Online Portal: The primary platform for submitting applications is the MeDC@St portal, managed by the MDA.

D-Class Device Fees: The fees for registering a D-class medical device can be significant due to the high-risk nature of these devices. As of the latest information, registration fees for D-class devices are generally higher compared to lower-class devices.

Classification Confirmation: Verify that your device is classified as D-class according to Malaysian regulations.

Confirm that your device is classified as D-class according to Malaysian regulations. D-class devices are those with the highest risk, such as implants or life-supporting devices.

D-Class devices are subject to rigorous regulatory controls due to their potential risks. They require detailed scrutiny to ensure their safety, effectiveness, and quality.

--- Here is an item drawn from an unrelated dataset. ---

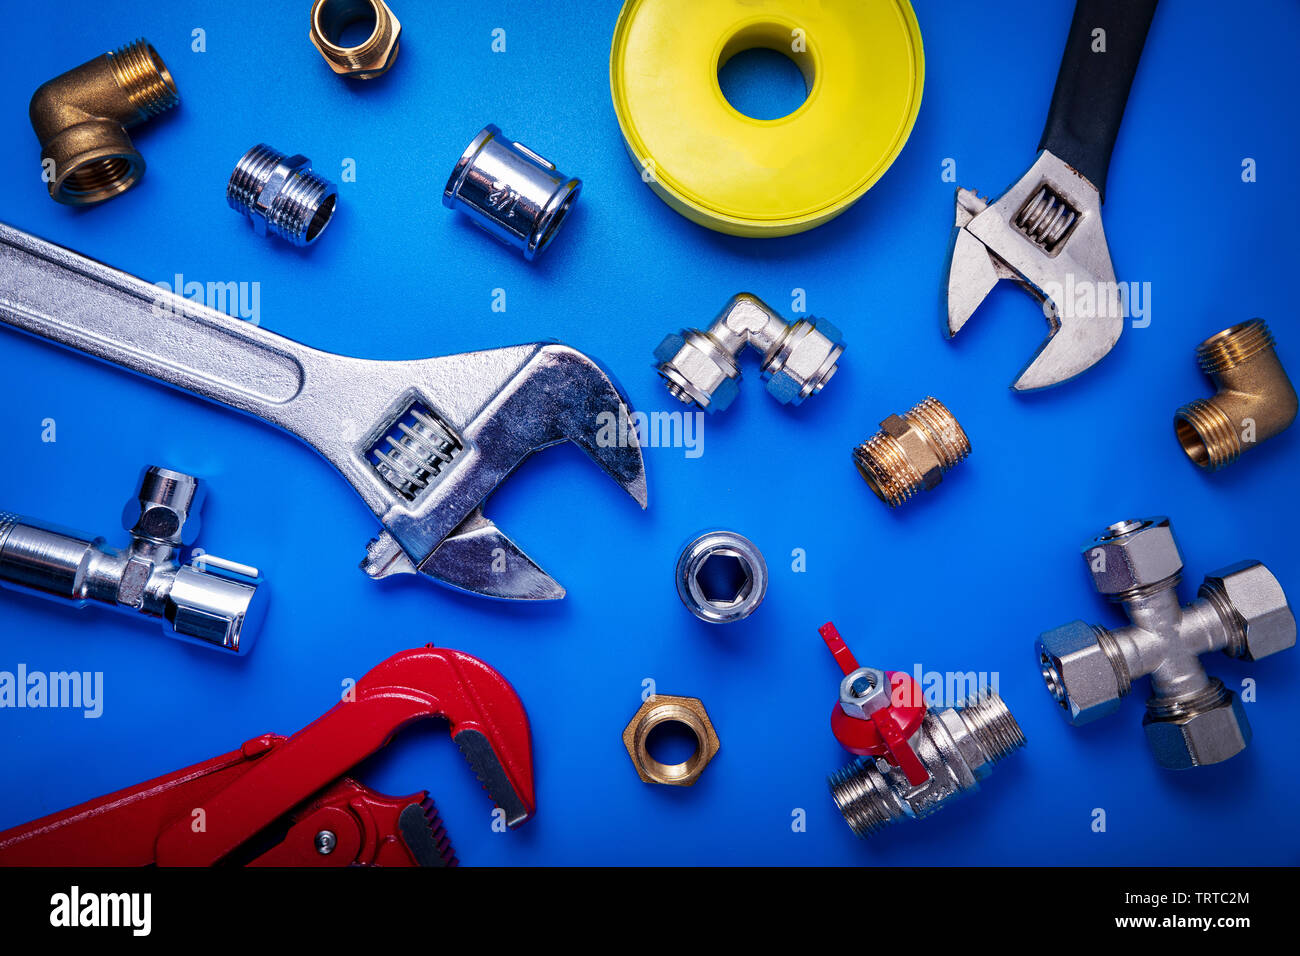 plumber equipment on blue background top view Stock Photo
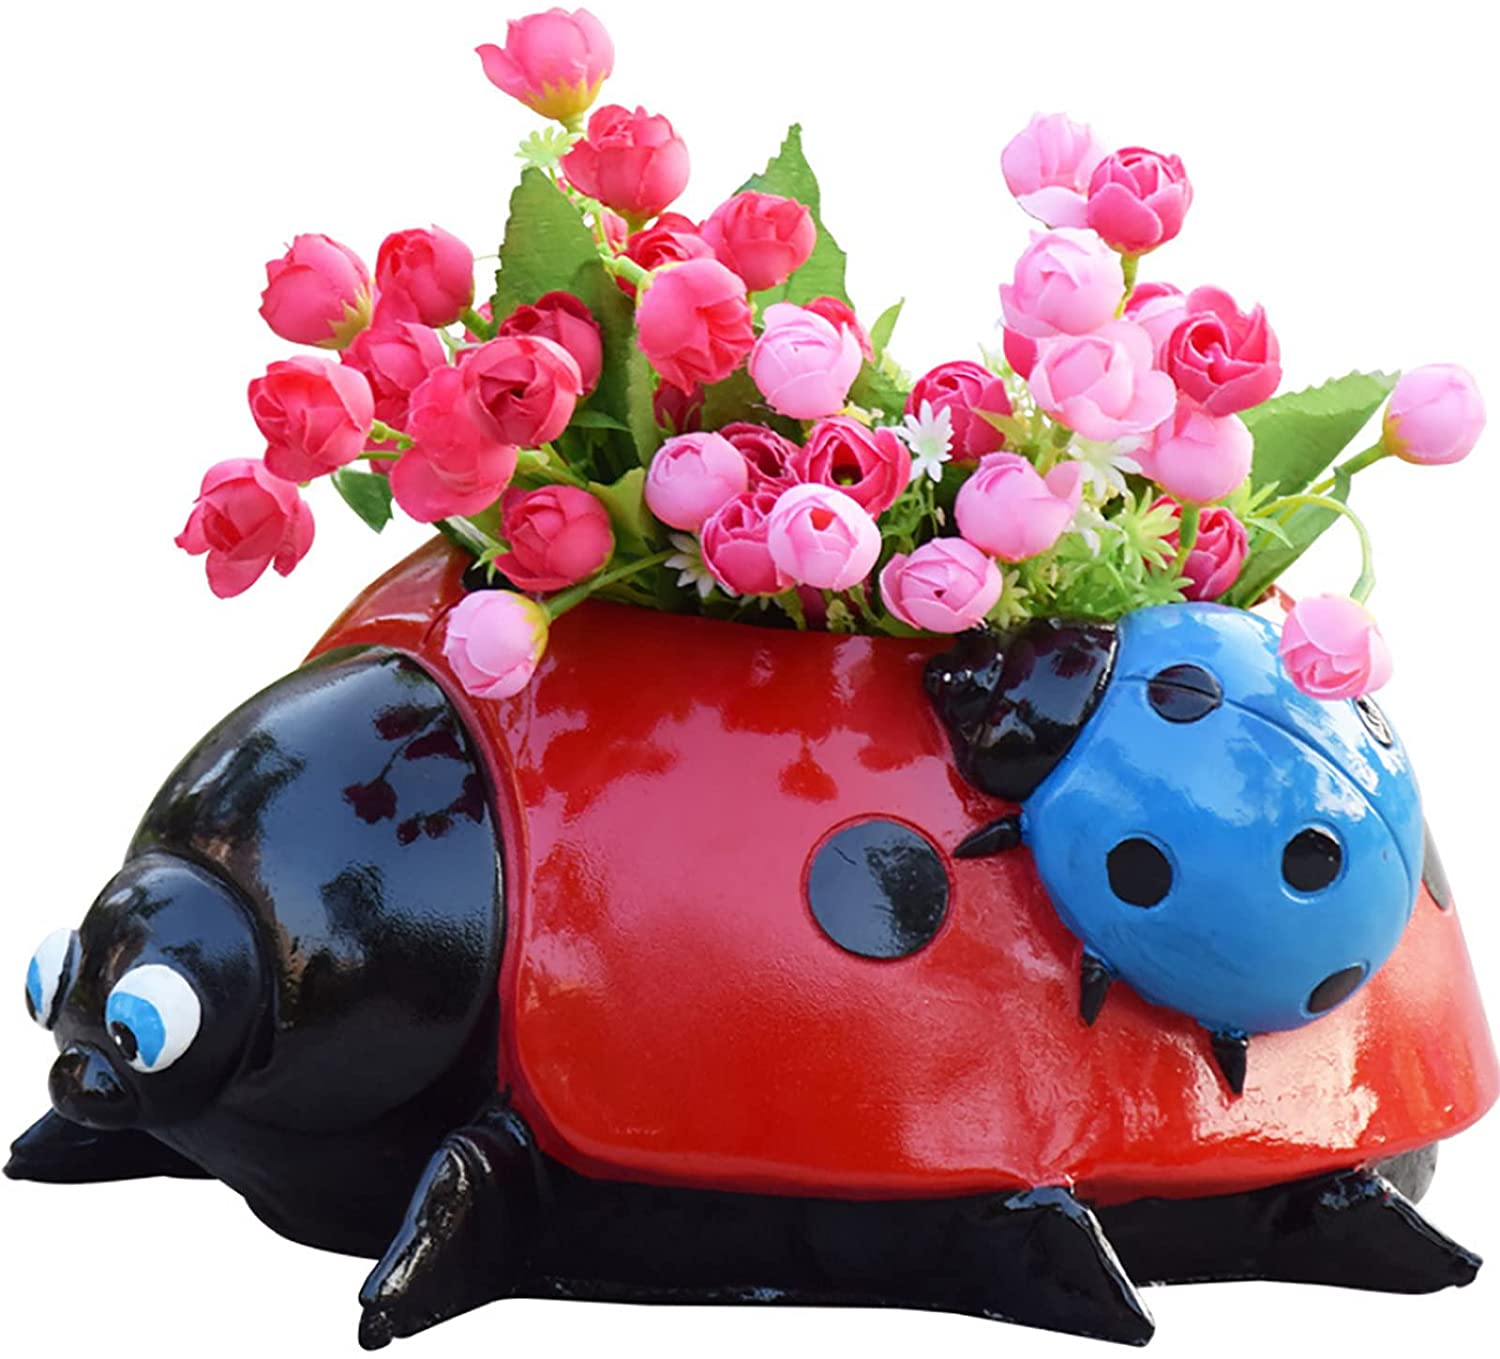 Resin Ladybugs Flower Pot Garden Decorations, Simulation Animal Ladybugs Flower Pot,Outdoor and Garden Decor Patio Yard Planter Flower Pot Indoor or Outdoor Decorations (Red) - image 2 of 7

Understand the Classification: D-class medical devices are those with the highest risk, such as implants or devices that are used in critical care. Ensure that your device falls into this category according to Malaysia’s classification guidelines.

Activities: This phase involves preparing all necessary documentation, such as technical files, clinical data, risk management information, and labeling. The time required depends on the complexity of the device and the completeness of the documentation.

Validity Period: The registration of a Class D medical device with the SFDA is typically valid for a certain number of years. For many medical devices, this period is usually 5 years, but the exact duration can vary based on SFDA regulations and the type of device.